Evolution of human hypoxia tolerance physiology.

Analysis of human responses to hypobaric hypoxia in different lineages (lowlanders, Andean natives, Himalayan natives, and East Africans) indicates 'conservative' and 'adaptable' physiological characters involved in human responses to hypoxia. Conservative characters, arising by common descent, dominant and indeed define human physiology, but in five hypoxia response systems analyzed, we also found evidence for 'adaptable' characters at all levels of organization in all three high altitude lineages. Since Andeans and Himalayans have not shared common ancestry with East Africans for most of our species history, we suggest that their similar hypoxia physiology may represent the 'ancestral' condition for humans--an interpretation consistent with recent evidence indicating that our species evolved under 'colder, drier, and higher' conditions in East Africa where the phenotype would be simultaneously advantageous for endurance performance and for high altitude hypoxia. It is presumed that the phenotype was retained in low capacity form in highlanders and in higher capacity form in most lowland lineages (where it would be recognized by most physiologists as an endurance performance phenotype).
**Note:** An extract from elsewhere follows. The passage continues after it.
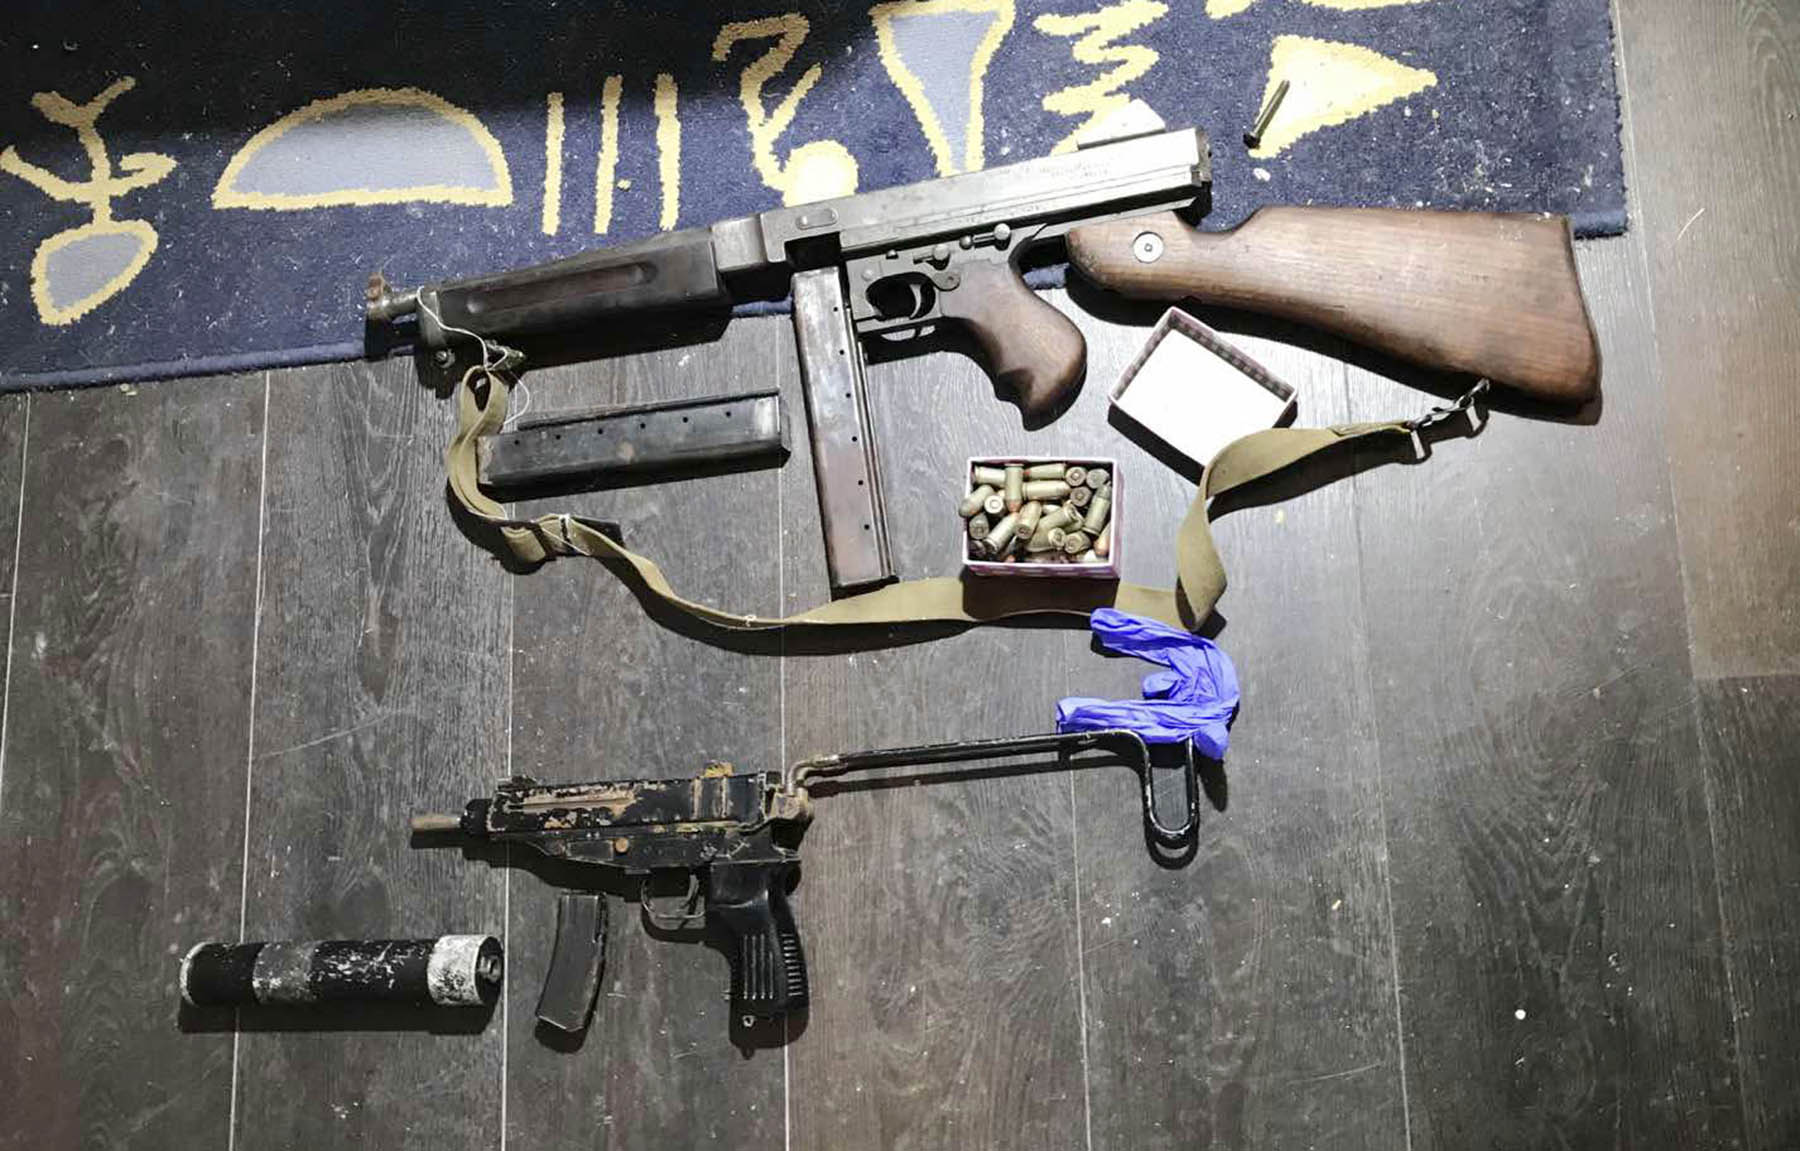 Ухапшене две особе и заплењени спид, екстази, кофеин, пиштољи, аутоматска пушка и муниција различитог калибра
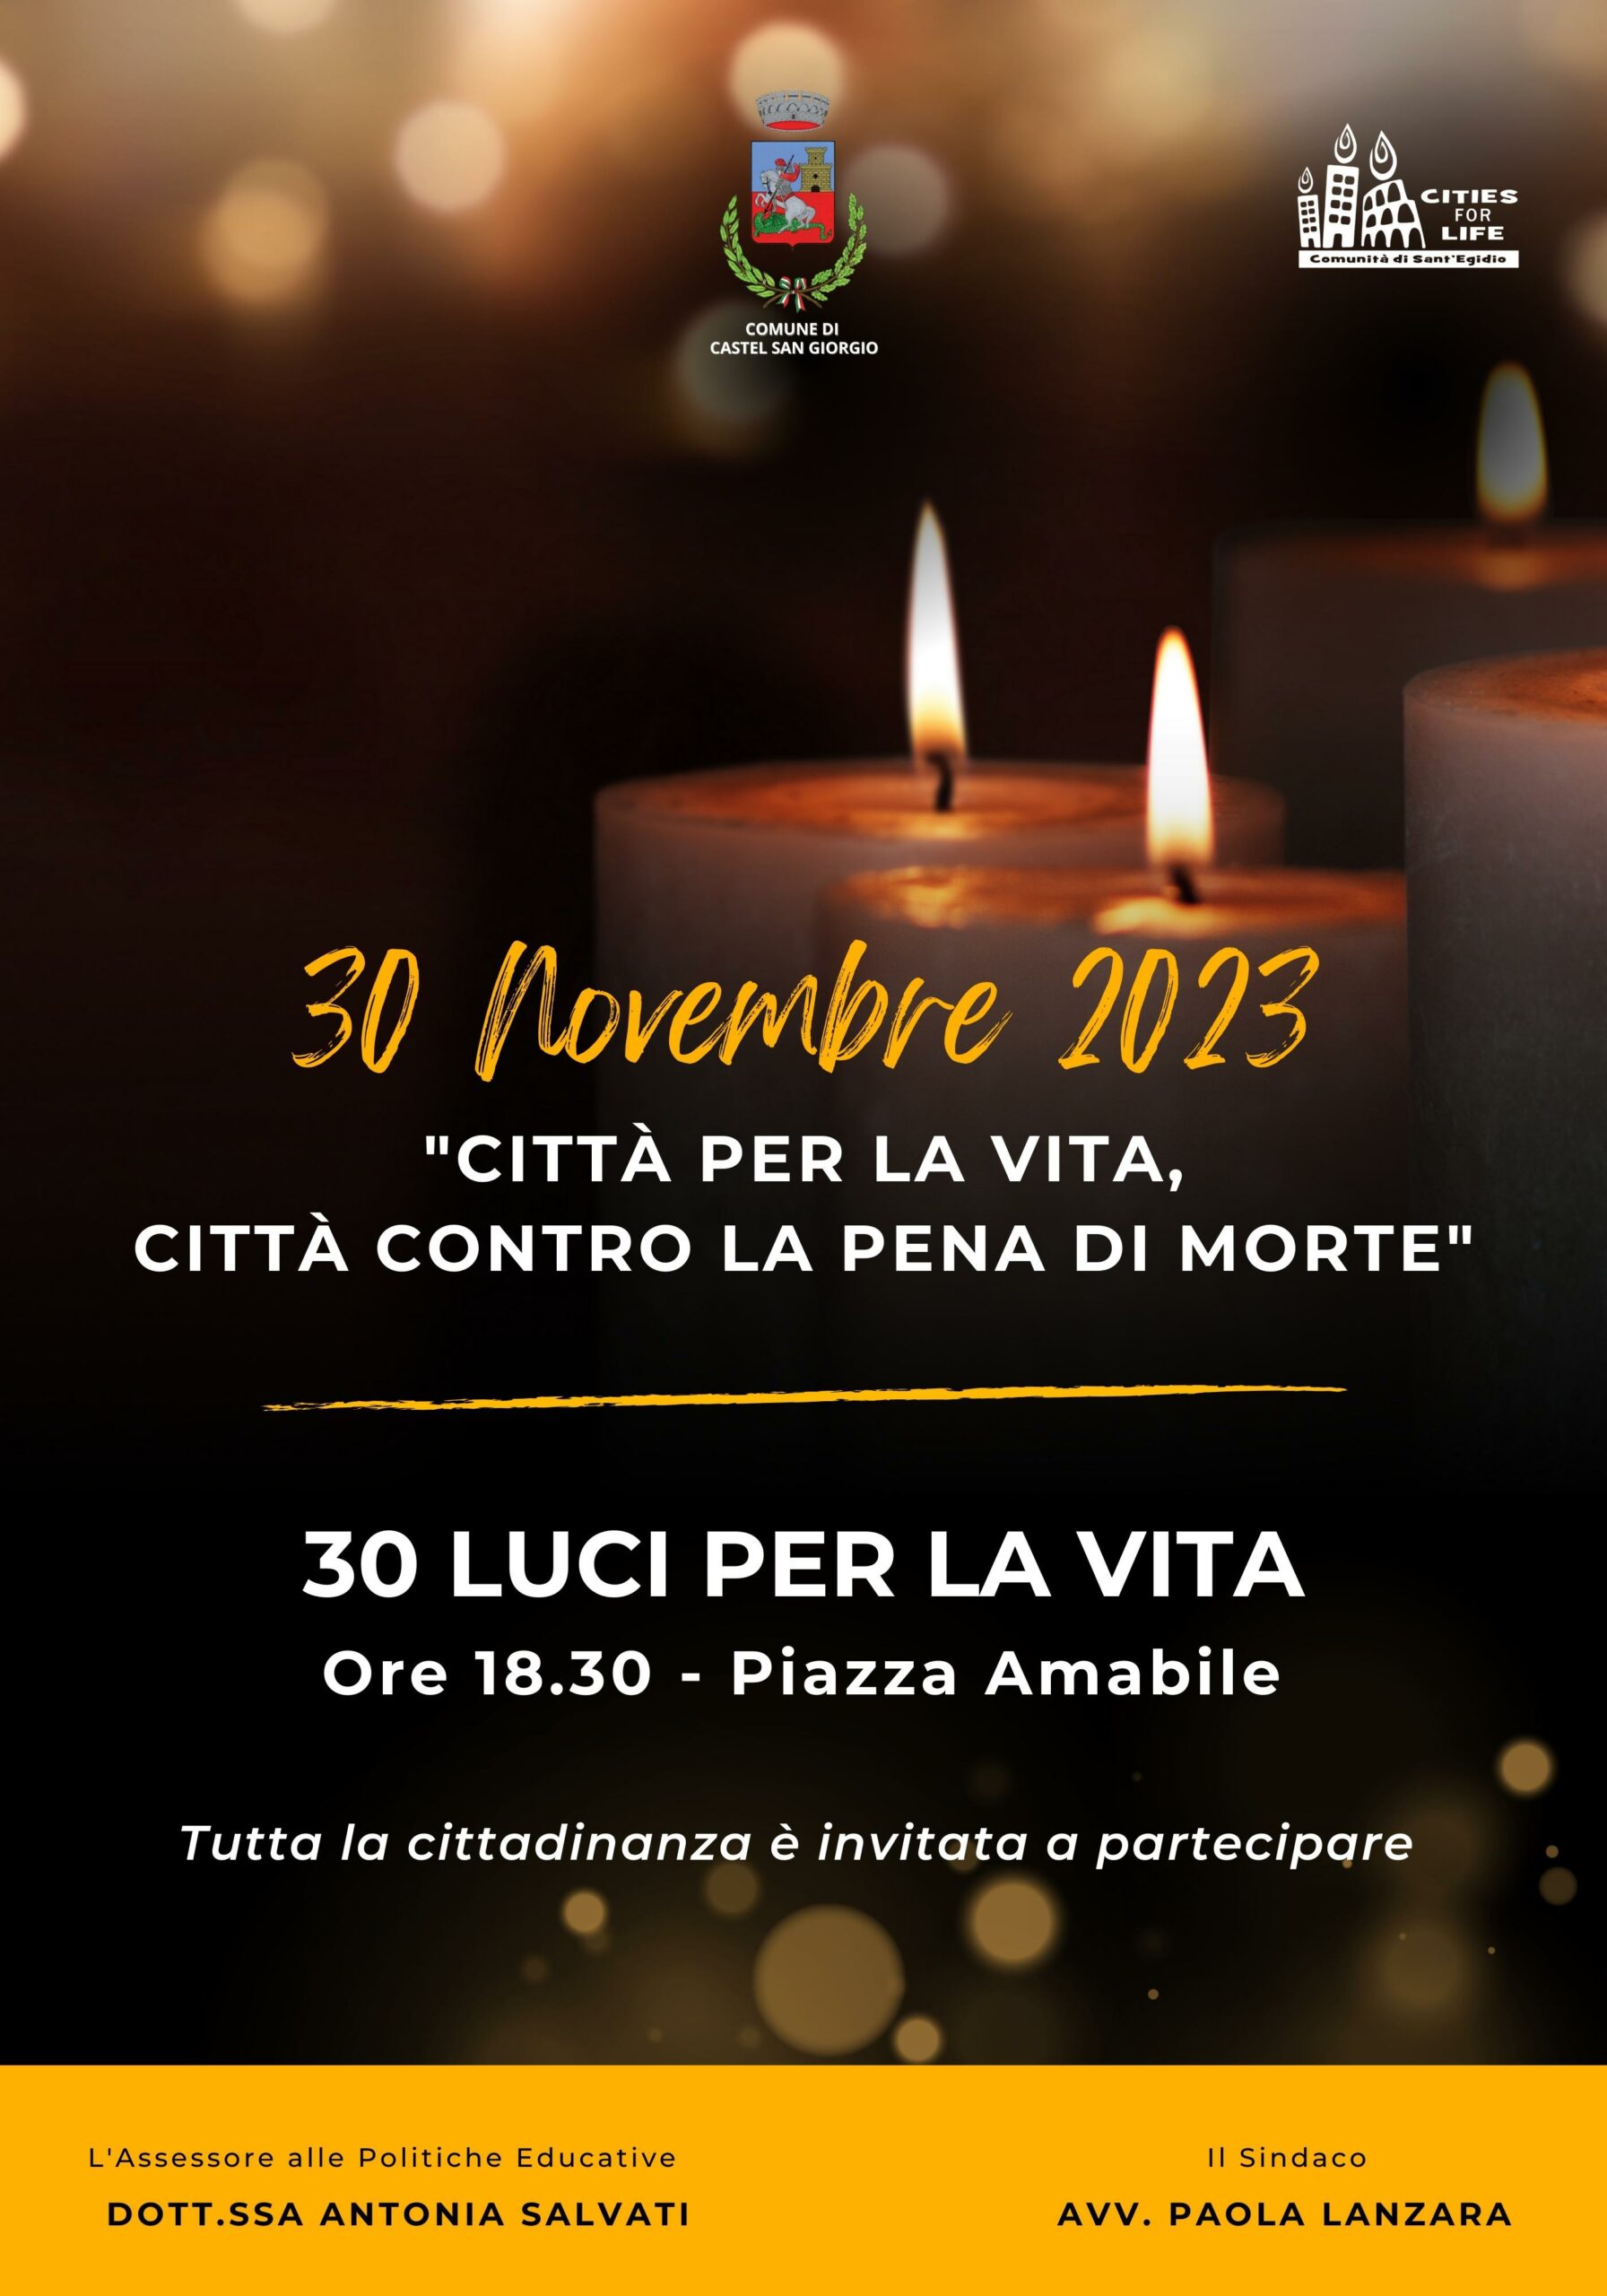 Castel San Giorgio: “30 Luci per la Vita”, Comune in Rete contro pena di morte 

Interestingly, it is easier for modern molecular evolution theory to account for the origin of 'adaptable' characters through positive selection than for conserved traits. Many conserved physiological systems are composed of so many gene products that it seems difficult to account for their unchanging state (for unchanging structure and function of hundreds of proteins linked in sequence to form the physiological system) by simple models of stabilizing selection.